One of my humanities professors in college, a rather portly fellow I’ll call Dr. Gibbs, once told me vigorous physical exercise is actually very bad for you. You’re only allotted a certain number of heartbeats per lifetime, he said, and exercise makes them tick off way faster than necessary.


About a year ago, I bought a stationary bicycle equipped with enough digital bells and whistles to plot the course of a rocket ship to Mars. I’m sure you’ve seen similar ones--in gyms, in sporting goods stores, in dark cobwebbed corners of friends’ basements. Maybe you even have one yourself. Or, maybe you have a treadmill. Or a weight bench. Or the latest gadget from a TV infomercial.

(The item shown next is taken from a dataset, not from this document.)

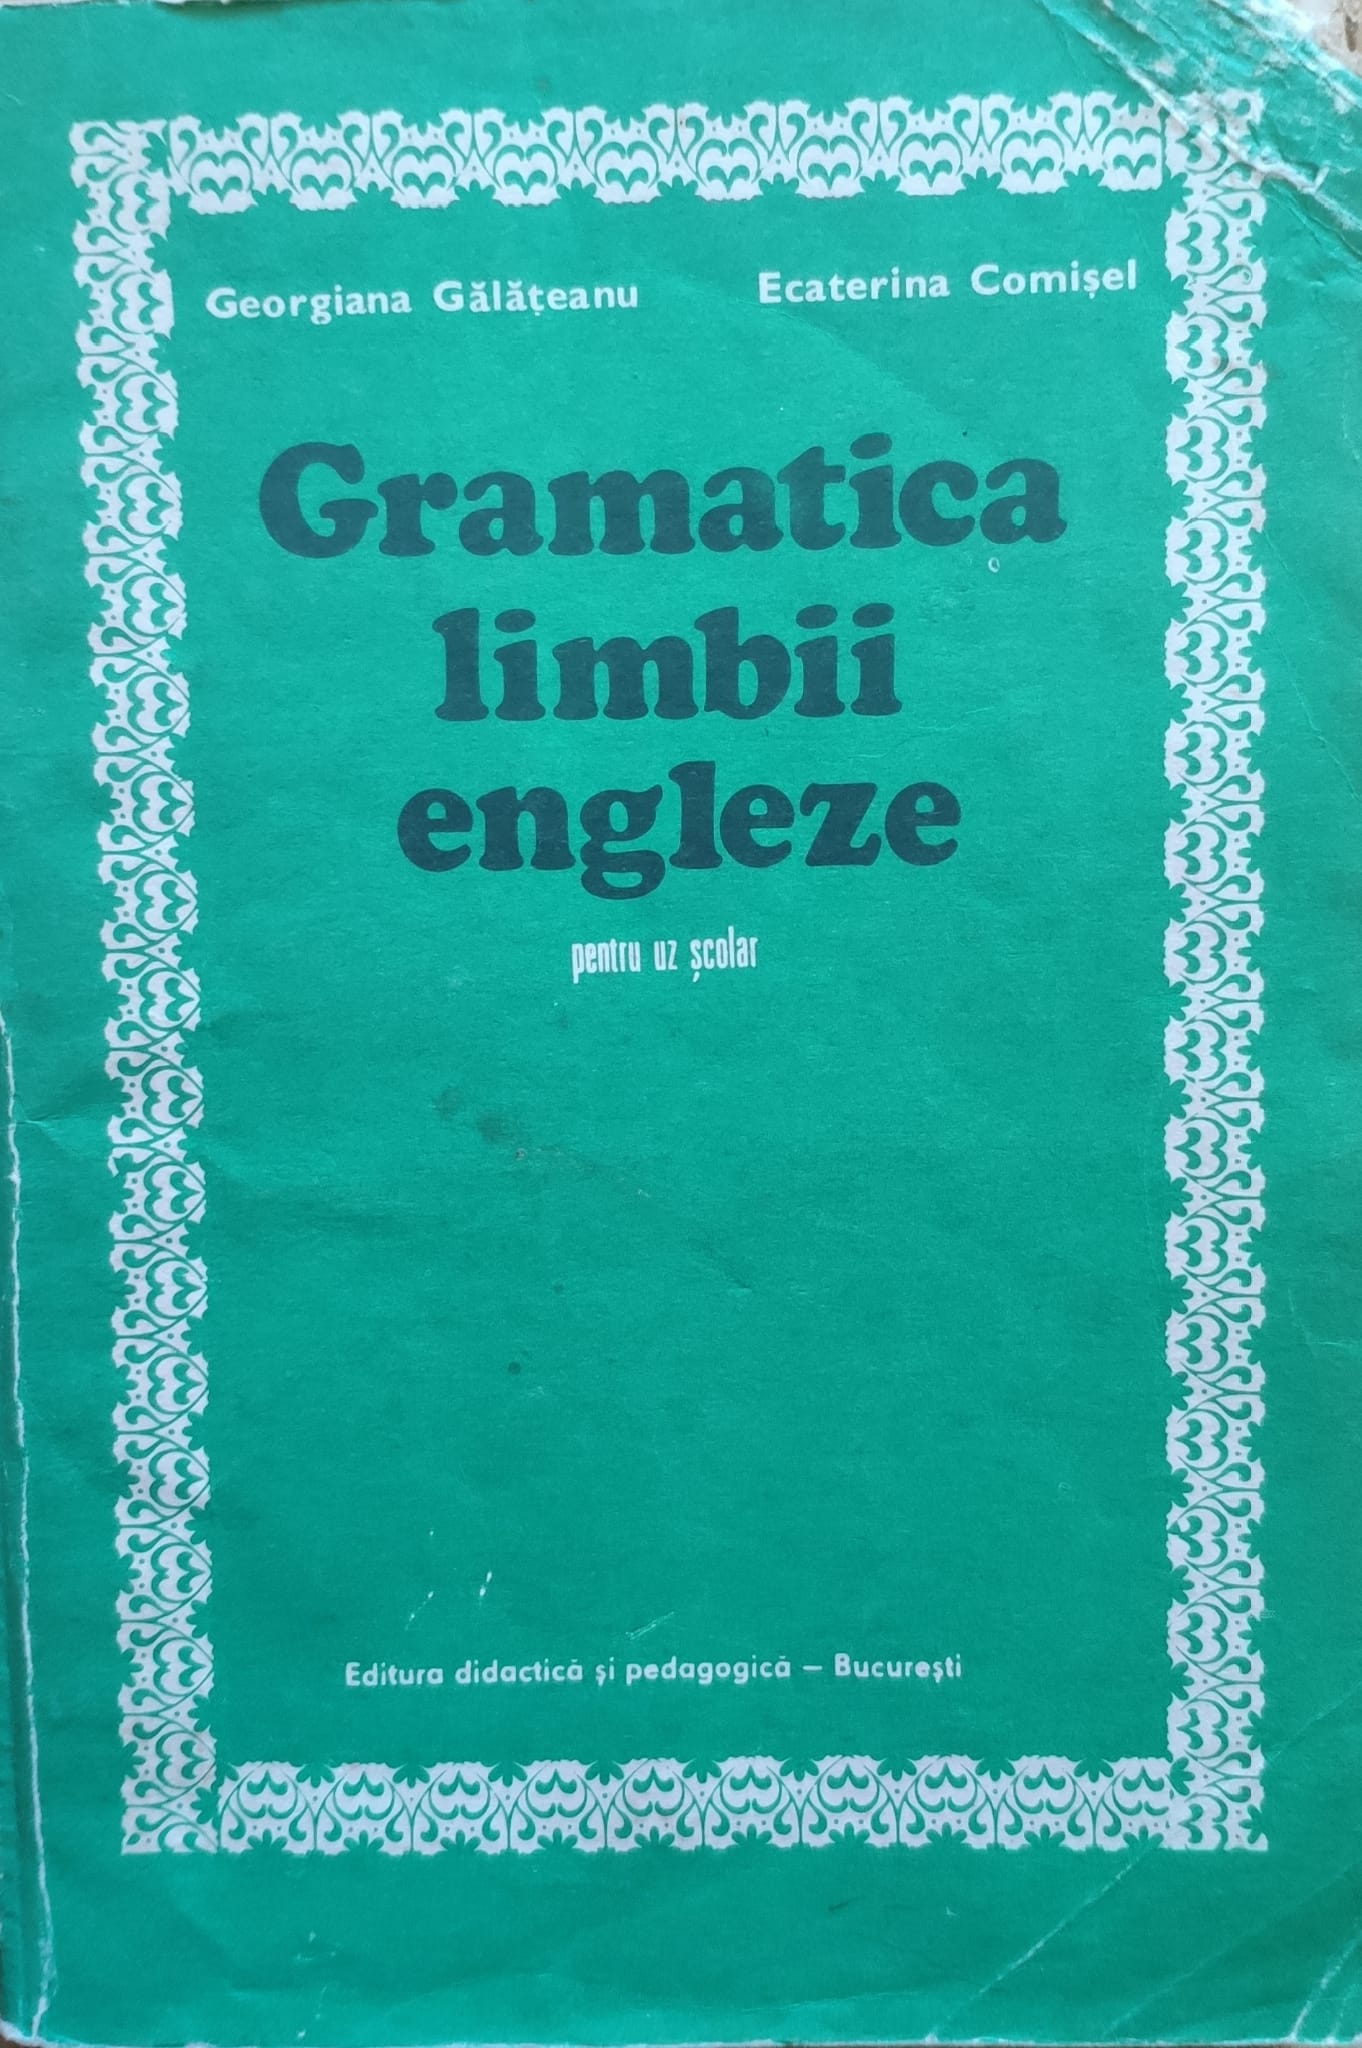 gramatica limbii engleze pentru uz scolar                                                            georgiana galateanu ecaterina comisel

Admit it. At some point during your lifetime, you have purchased an expensive piece of exercise equipment with the intention of finally getting in shape. If you can commit to just twenty minutes per day, you reckon, you’ll be looking like Michelangelo’s sculpture of David in no time. Right?


The models you see in ads have to work out several hours a day to maintain those muscular physiques. Working out is their job. It’s their life. They are really, like, you know, into it. If you can commit to just twenty minutes per day, it will take you approximately 314 years to have the kind of body those models have.

Okay, so maybe you’ll settle for losing a little weight and improving your overall fitness. That sounds reasonable. That, I’ve decided, is my goal for 2009. To lose thirty pounds.

Will riding my fancy exer-cycle for twenty minutes every day help me achieve my goal?

First of all, if you’ve ever climbed onto one of those contraptions and started pedaling, you know twenty minutes is a glacial age. If an archeological team digs up my bike in 5000 years, they’ll undoubtedly think it was some kind of 21st century torture device. Back then, interrogators would escort a suspect into a dusty space illuminated by a naked bulb, unveil the machine and say, “Vee half vays of making you talk.” If the suspect lasted twenty minutes, well, it was a safe bet they were never going to give up the goods...

Twenty minutes of huffing and puffing. Twenty minutes of quadriceps screaming for mercy. Twenty minutes of ass-numbing boredom.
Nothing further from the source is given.